--- PROVIDED MATERIAL ---
Start of Block

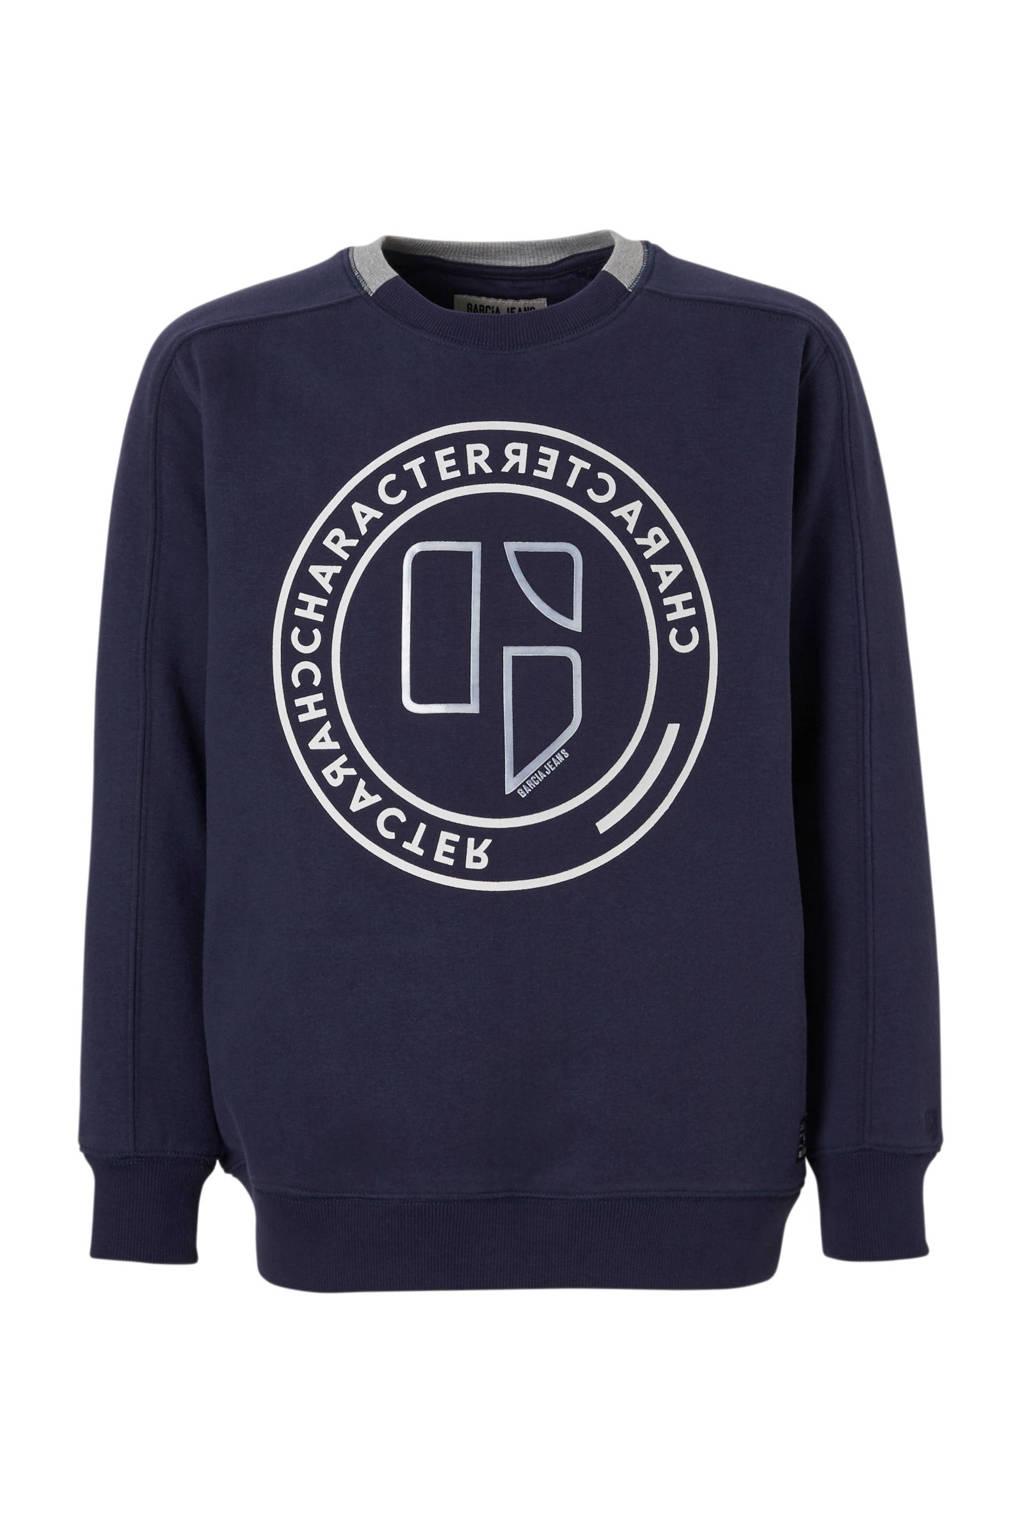 Garcia sweater donkerblauw, Donkerblauw/wit
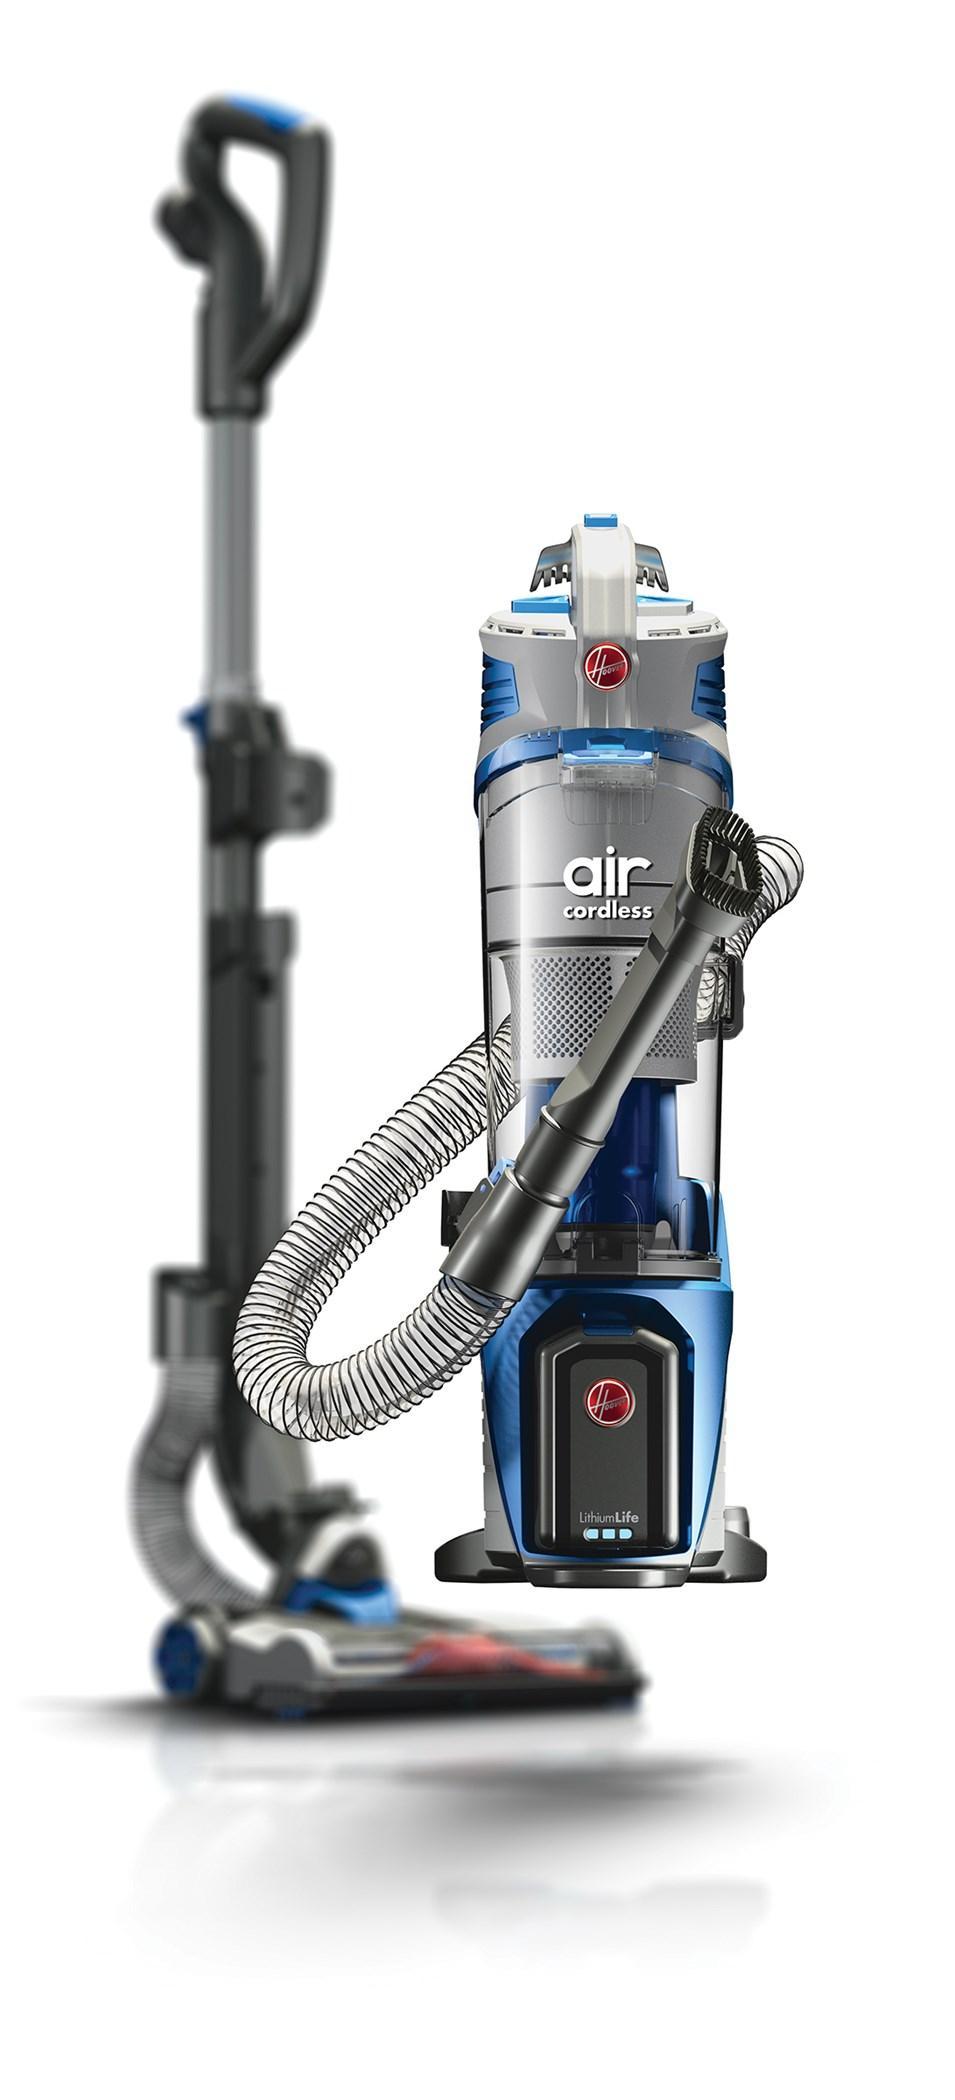 hoover vacuum cleaner air lift 20 volt lithium. Black Bedroom Furniture Sets. Home Design Ideas
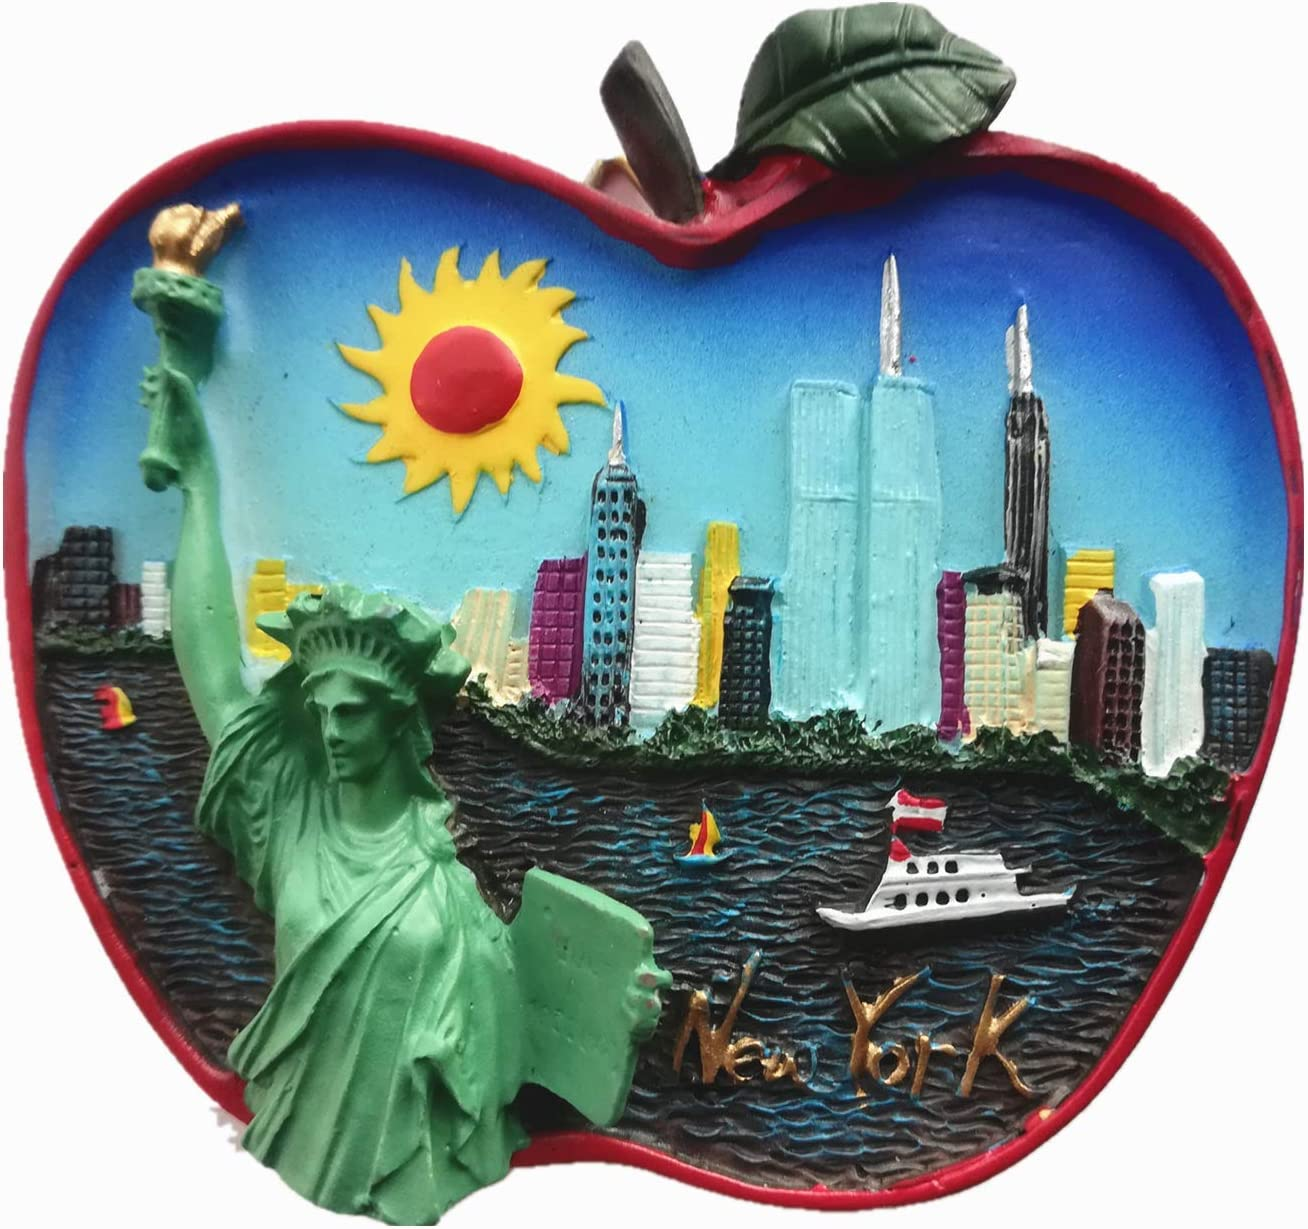 Apple Shape New York USA 3D Fridge Magnet,Home & Kitchen Decoration Magnetic Sticker New York USA Refrigerator Magnet
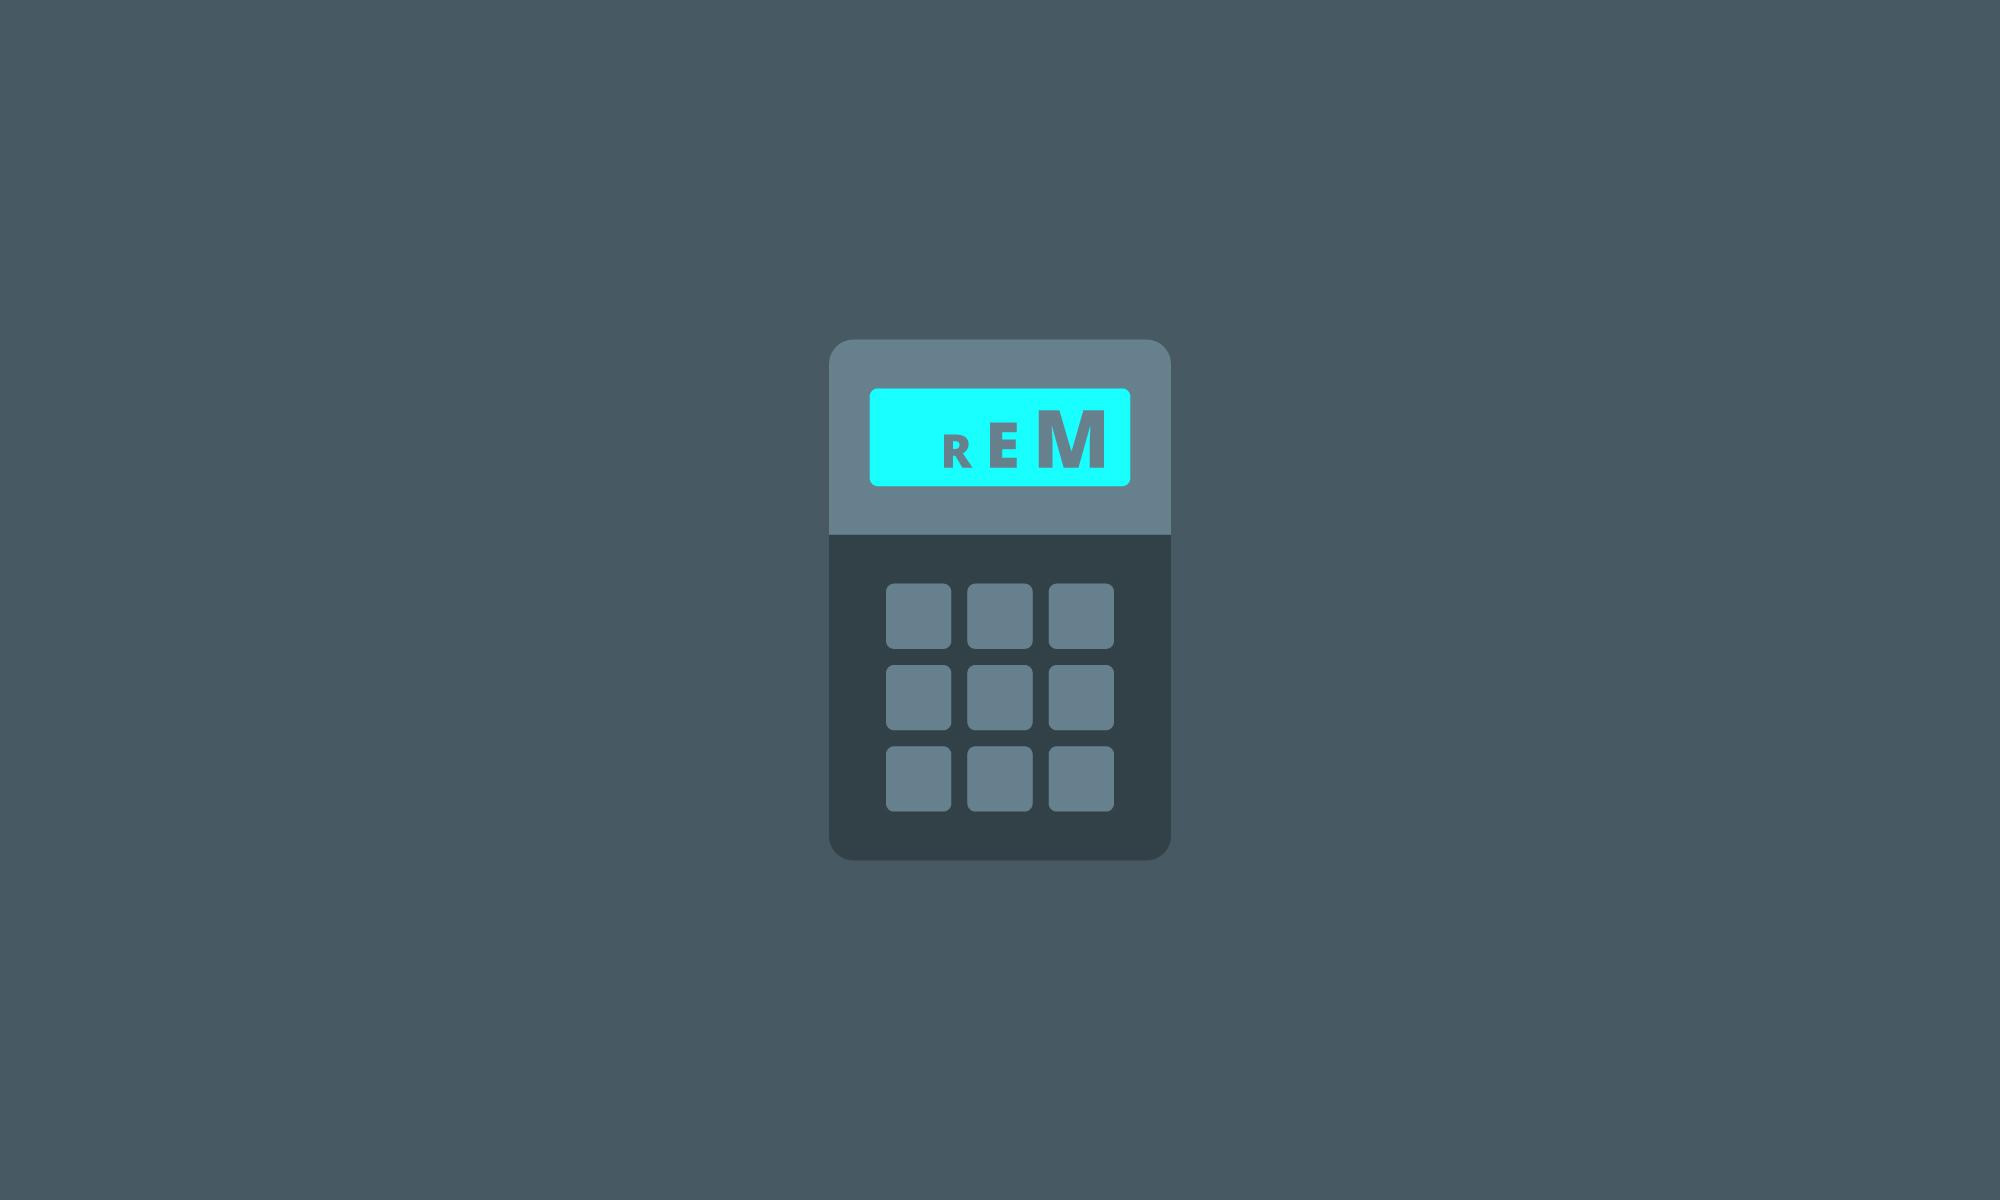 REM Calculator

End of Block

--- YOUR ASSIGNMENT ---
Transcribe all the lines above exactly, apart from the pictures.

--- REPLY ---
 Garcia sweater donkerblauw, Donkerblauw/wit
 hoover vacuum cleaner air lift 20 volt lithium. Black Bedroom Furniture Sets. Home Design Ideas
 Apple Shape New York USA 3D Fridge Magnet,Home & Kitchen Decoration Magnetic Sticker New York USA Refrigerator Magnet
 REM Calculator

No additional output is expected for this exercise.